I’ve said before, how I resent the idea that a will alien to my own should be in control of my life: providence, fate, destiny—call it what you like. And something about that moment when there seemed no other possibility than death by drowning has always worried me. Strange, isn’t it, that I would feel otherwise than jubilant thanksgiving for my rescue from drowning—by water? I continue, to this day, to be drowning in time and will do so until my last breath. Don’t think I’m ungrateful to have escaped a painful death. But my escape weakened my faith in chance and the lucky accident.
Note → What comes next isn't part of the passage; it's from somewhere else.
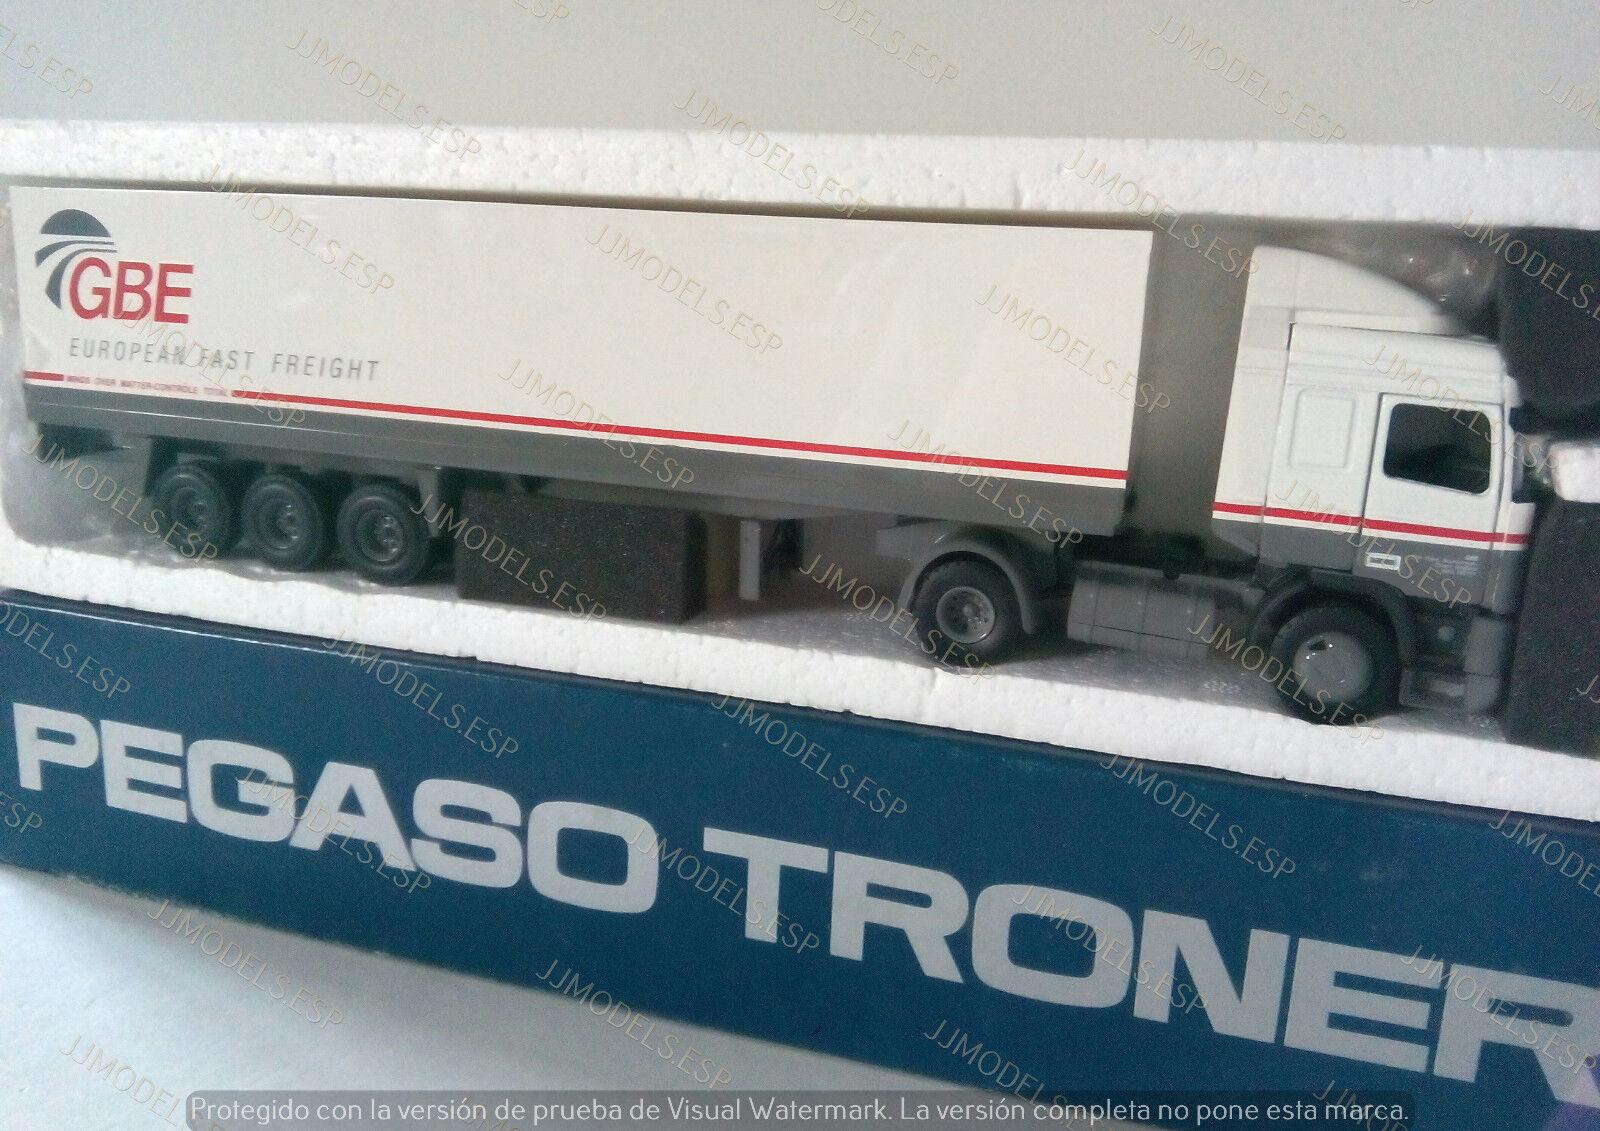 ♠TEKNO PEGASO TRONER TX360 (4X2) '92 SEMI REMOLQUE FRIGO FRIGO FRIGO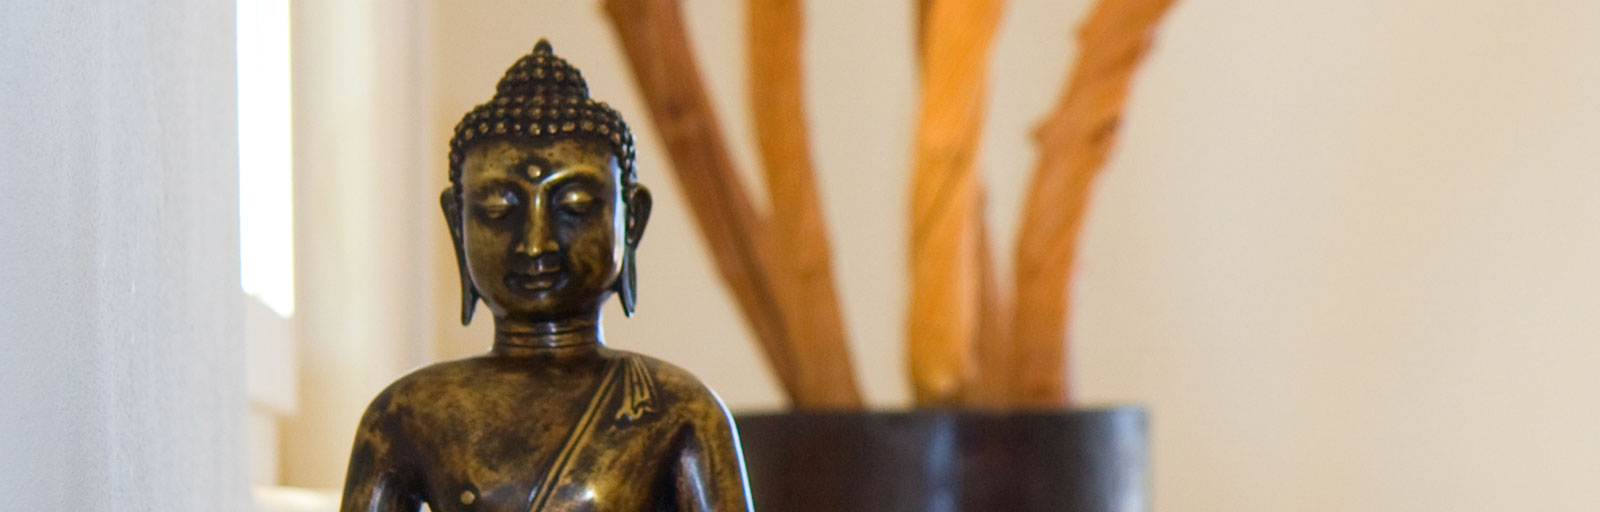 Wellness & Yoga Retreats in Baja, Mexico: Buddha Sculpture

You see, I prefer to think that my fortunes and misfortunes are either of my own doing or else the result of a broken cog or gum in the works—a broken data chain or genetic sequence (to be modern)—rather than by design, God’s or Mark Twain’s. I ought to have drowned! There was no other reasonable outcome after being knocked from a raft into the water during a category-three hurricane. But I didn’t drown, because at the very instant I reached the surface, a crate was waiting for me. And I heaved myself up on it.